When Arcade Fire released their debut album "Funeral" in 2004, music critics generated some of their best hype in years.

E! Online called "Funeral", "An emotionally wracked masterpiece, drawing on immaculate influences like the Pixies and Talking Heads while sounding distinctly original."
"Rolling Stone" raved, "Funeral aches with elegiac intensity. "
Blender said the album, "...reveals added nuance with every listen," while DotMusic gushed, “'Funeral' is the sort of perfectly-realised record you’d hope from a band at the top of their game. For a debut release it’s unmatched in recent years."
No less vaunted a source than "No Ripcord" rhapsodized, "Not only are the songs uniformly excellent, they also show a mastery of the art of controlled dynamics, of tension and release, that most young bands ignore to pursue the catharsis of sustained intensity."
So when Arcade Fire released the album "Neon Bible," it was only natural to wonder whether the critics would suffer a sophomore slump. After three years, could the hype possibly live up to the hype? In a business where meaningless encomiums so often degenerate into substantive critiques, critics stepped up and delivered a laudatory jack session normally reserved exclusively for Clive Owen performances.
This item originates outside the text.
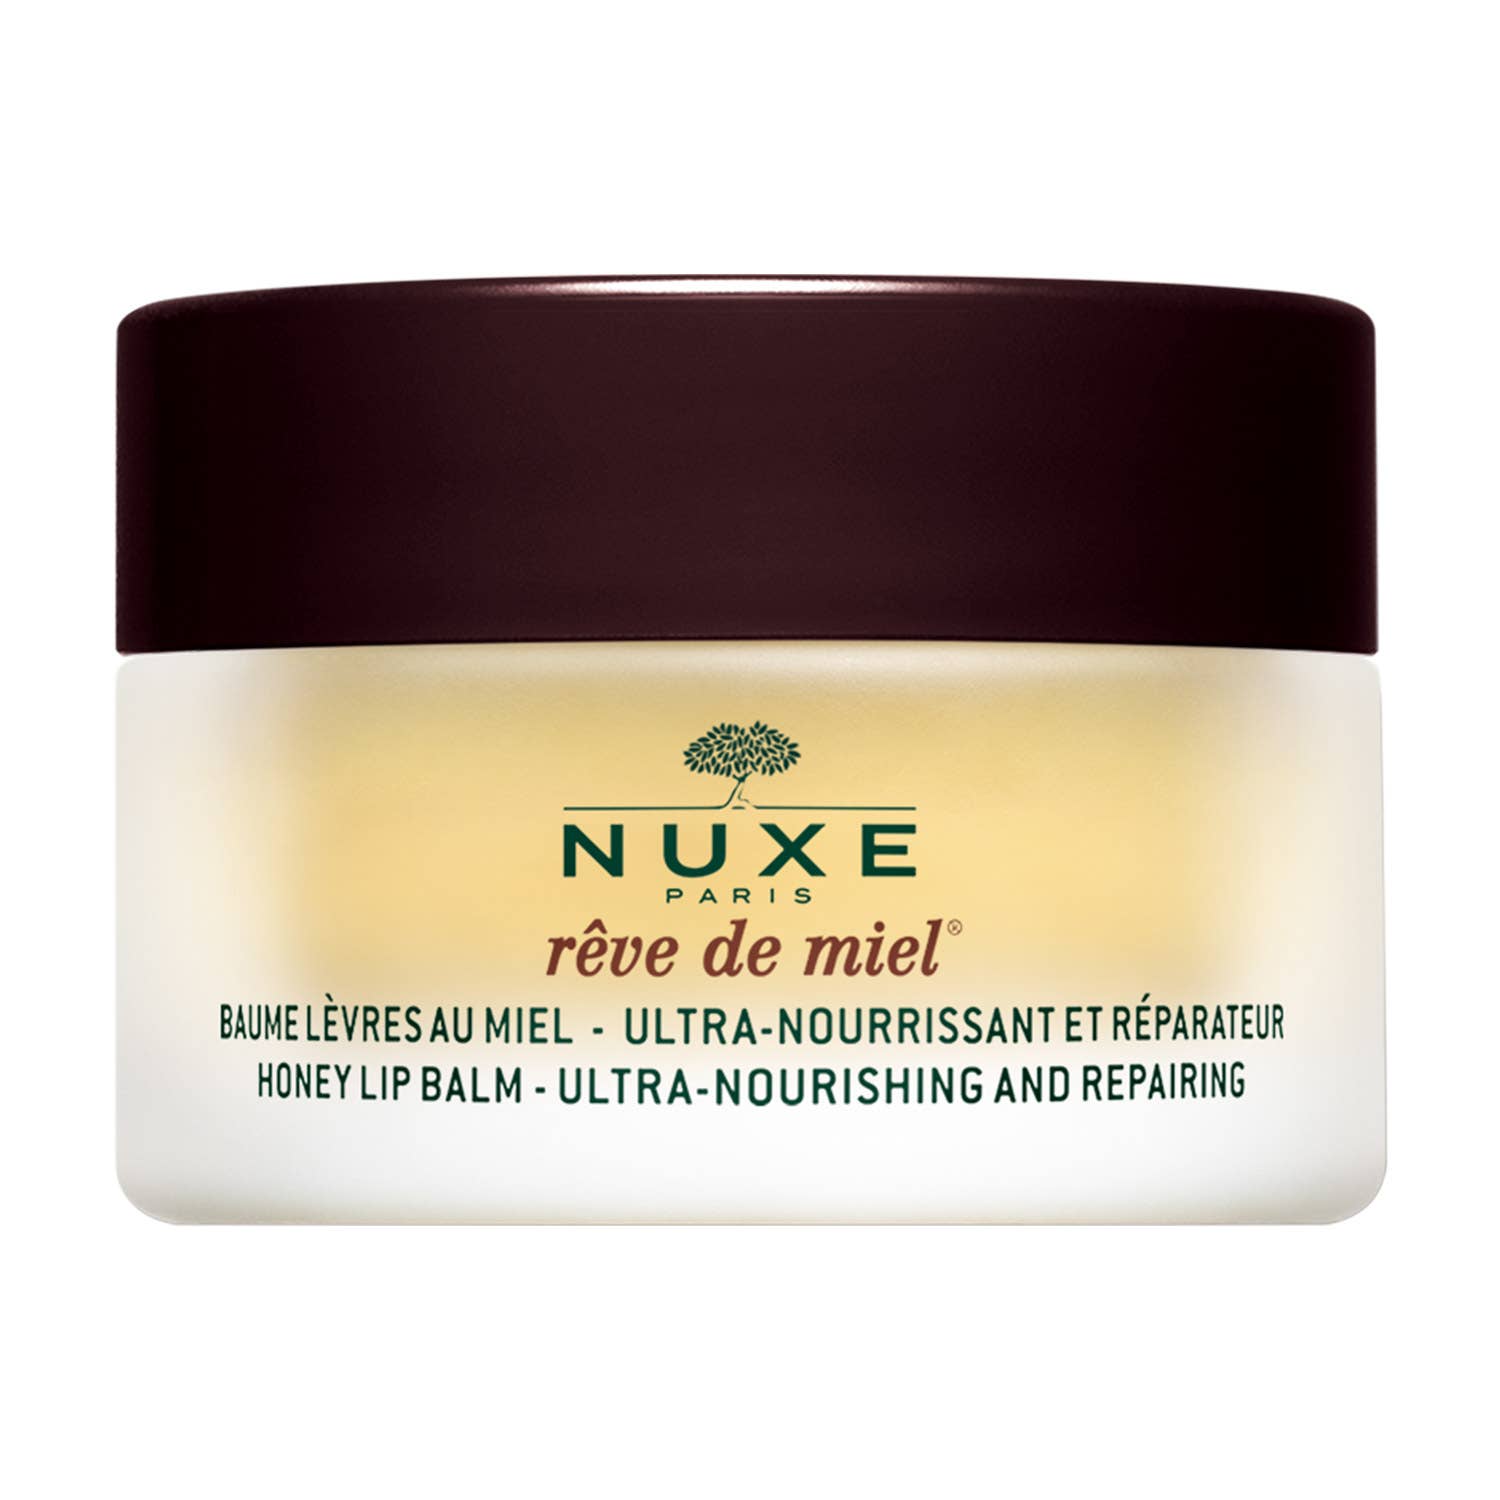 Nuxe Reve de Miel Nourishing Scrub -175ml – The French Cosmetics Club

The Onion jizzed, "Through Neon Bible, the band is seemingly sending a beacon to other reasonable people forced underground by the world's insanity. It's almost like a musical version of Ayn Rand's Atlas Shrugged."
Hot Press pompously adjusted their monocle and wrote, "So, Funeral was by no means a fluke. The Arcade Fire are unquestionably the real deal. And to prove it they’ve now thrown in another contender for ‘best record of the decade’."
No less vaunted a source than "No Ripcord" rhapsodized, "The music is beautiful, spiritual, intense, fun and, as Lester Bangs once called the Clash, righteous."
Trouser Press spunked, "A rewarding, resonant album, Neon Bible ranks among the best indie rock recordings of all time," and even the normally staid Boston Globe wanked, "Not quite of this world and not quite over the edge, these earthy, epic songs aren't meant to save us, only to supply some monumental crescendos and a wide-screen view on the way down."
So buy "Neon Bible," and find out why everyone is so in love with themselves.